Renewables at the Personal Vs. Utility Scale

Renewables at the Personal Vs. Utility Scale

My blog at Renewable Energy World continues to garner some interesting discussion. In particular, we have an ongoing conversation about clean energy solutions at the individual (e.g., house rooftop) vs. the macro (utility) level.

As readers know, I favor aggressively implementing one or more renewables technology at the multi-gigawatt level on a regional basis, creating the financial incentive for this by removing the artificially low price associated with fossil fuels. The counter argument to this top-down approach, of course, is that it necessary involves corporate or governmental entities whose interests are not in sync with the health and safety of the common citizen.

Blogger Phil Manke articulates this nicely:

I appreciate your viewpoints, Craig, but why the favoring of concentrated solar thermal over the distributed variety? If individuals employed solar heating for water, space, and process heating over half of energy needs could be rechanneled and under personal control instead of paying utilities to produce and transport it, with attendant losses and profit structure.

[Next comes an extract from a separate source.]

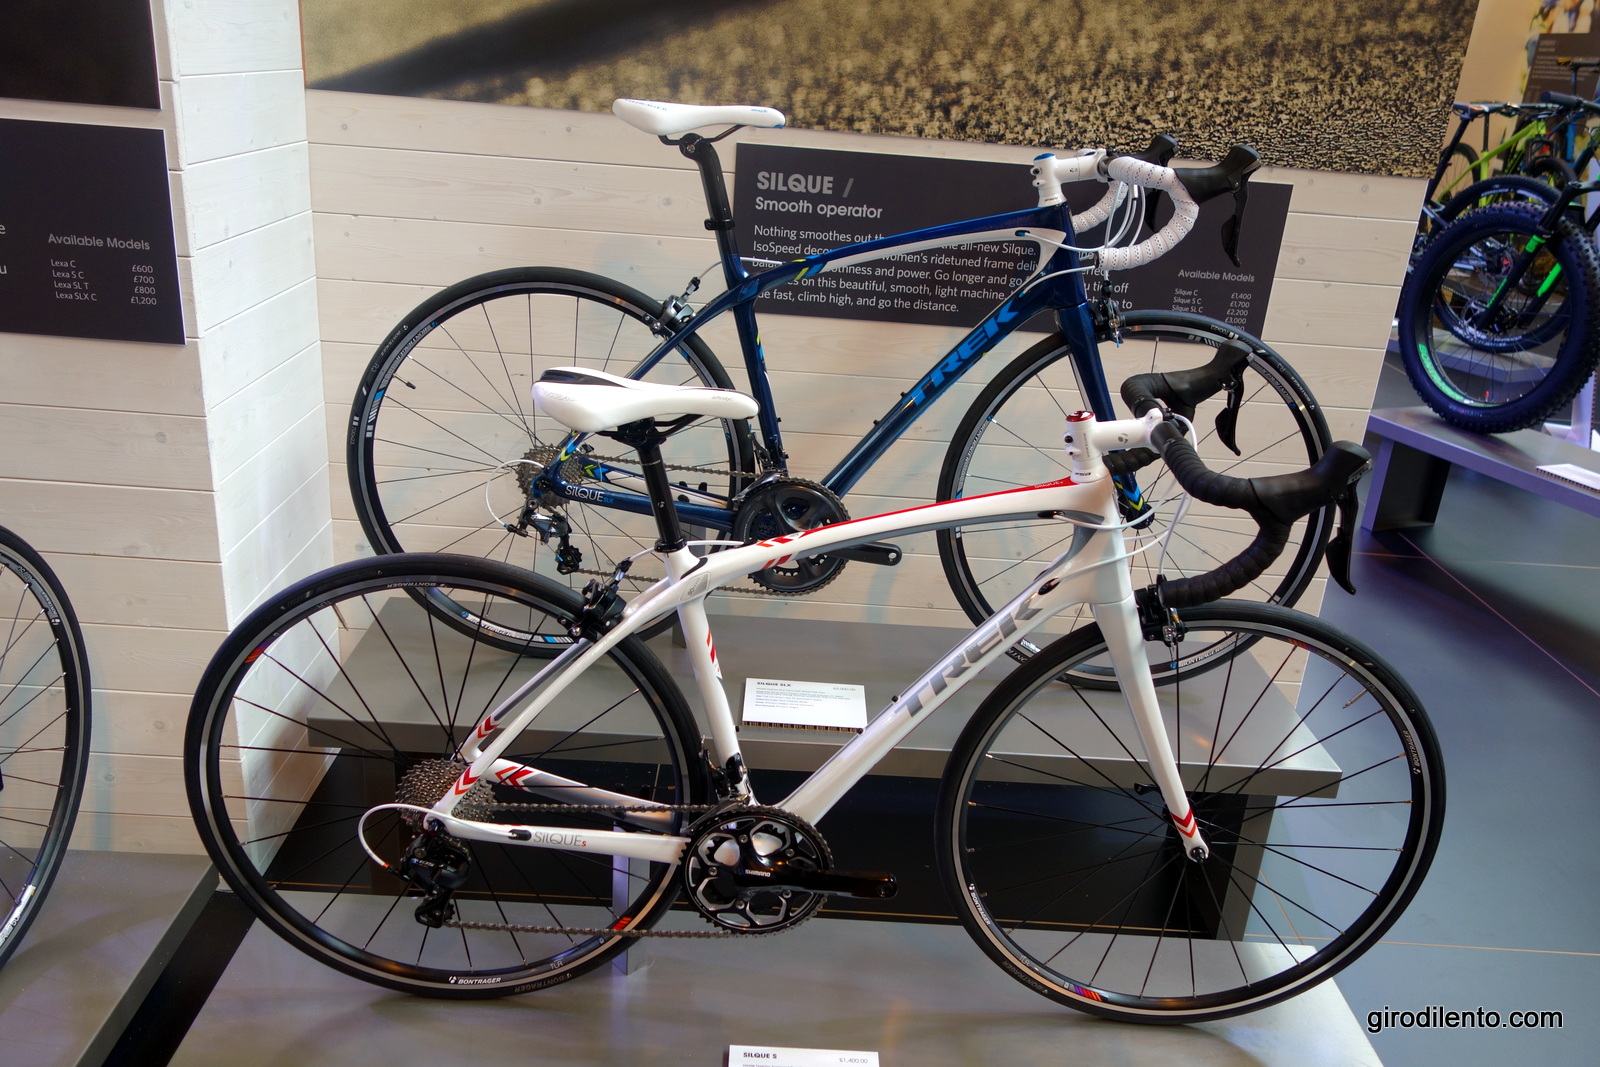 The also impressive Trek Silque range of womens bikes - packed full of clever design and performance

It is grass roots and it works extremely well. This country is made up of people who want to control their own sources of wealth and energy. Like a farmer who grows their own food and food for others, solar farmers may well be the shortest route to energy independence instead of large corporate farmers that seem to be dominating the country and polluting it as well, and now you would advocate the same in the energy infrastructure also. Who do you really work for?

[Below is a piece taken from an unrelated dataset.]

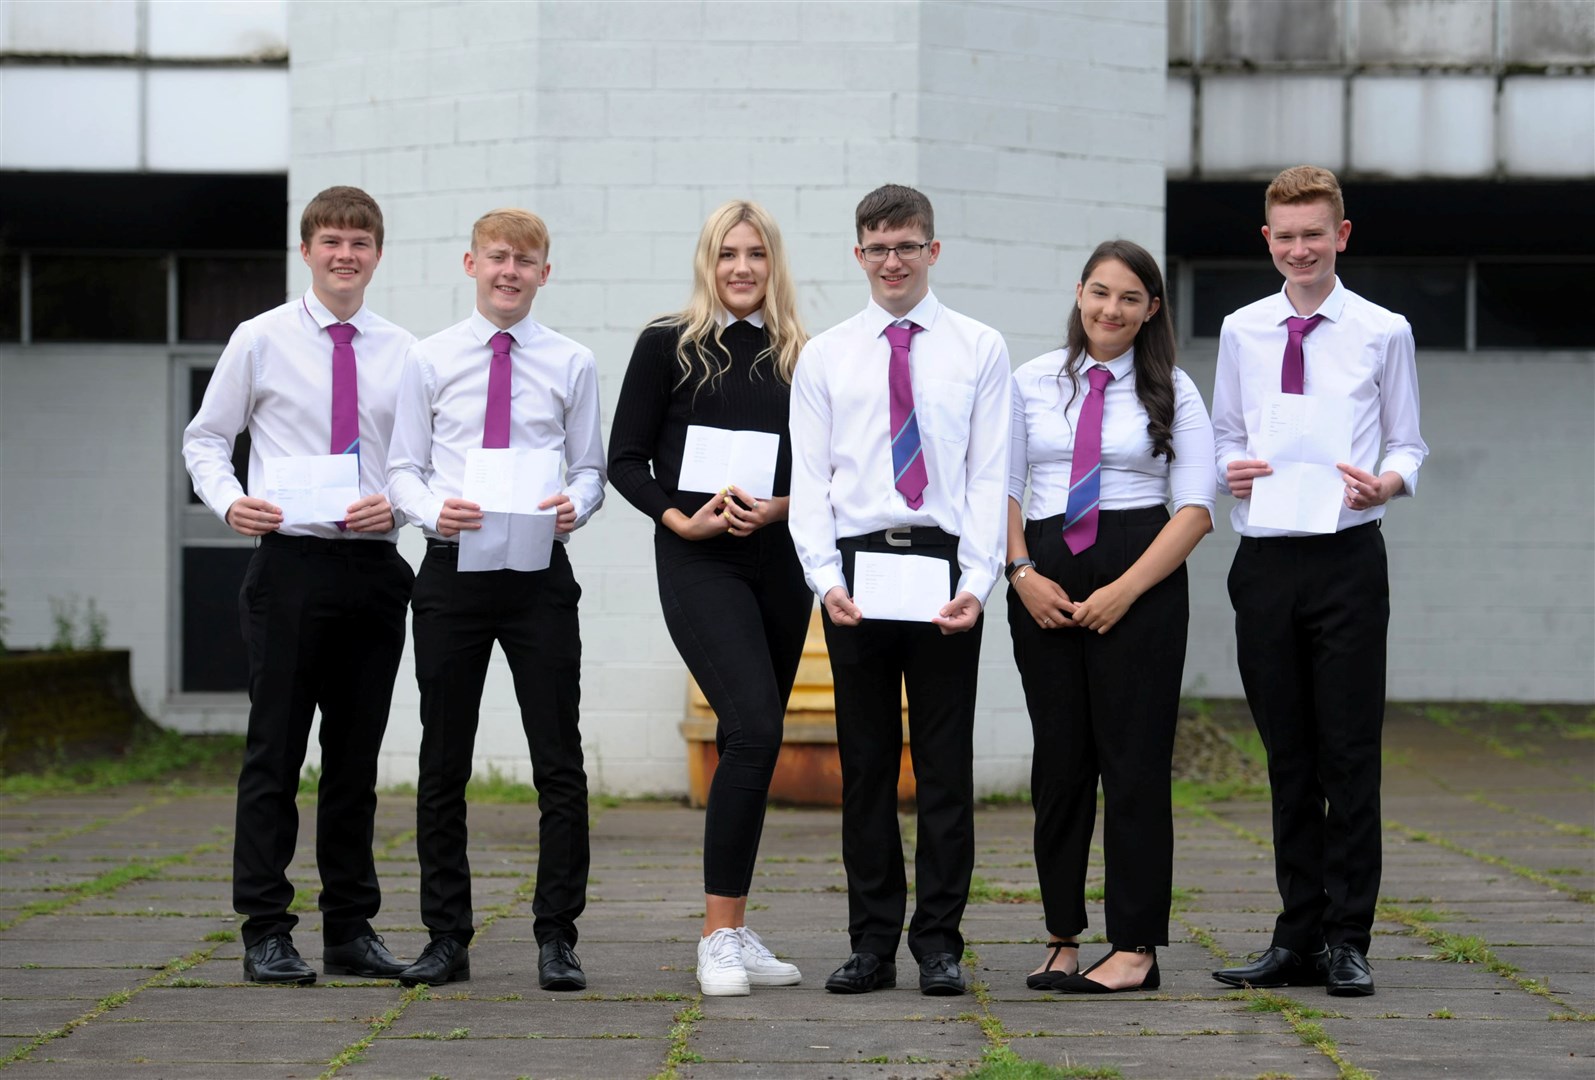 Alness Academy pupils Graeme Reily, Ryan Ross, Sarah Mackay, Ewen MacIver, Mollie McGoran and Daniel Bauer were amongst hundreds across the Highlands to receive their results this week. Picture: Callum Mackay. Image No. 044558

Good comments, Phil. I guess I’ve always favored the simplest approach to solving world problems. And, though I impute zero moral goodness to most corporations and government bureaucracies, it’s always struck me that providing energy to 7 billion people is a large-scale problem that needs a large-scale solution.

And here’s another way to look at it. I hate to sound cynical or condescending, but as I wrote the other day, most people really don’t care about this stuff. You and I and the readers of Renewable Energy World, 2GreenEnergy et. al. are simply not representative of the majority of the population. If we’re going to solve this problem, we cannot sit around hoping that masses of people wake up one morning and realize they need to rethink their energy-related lifestyles. I know how arrogant that sounds, but I’m afraid it’s true.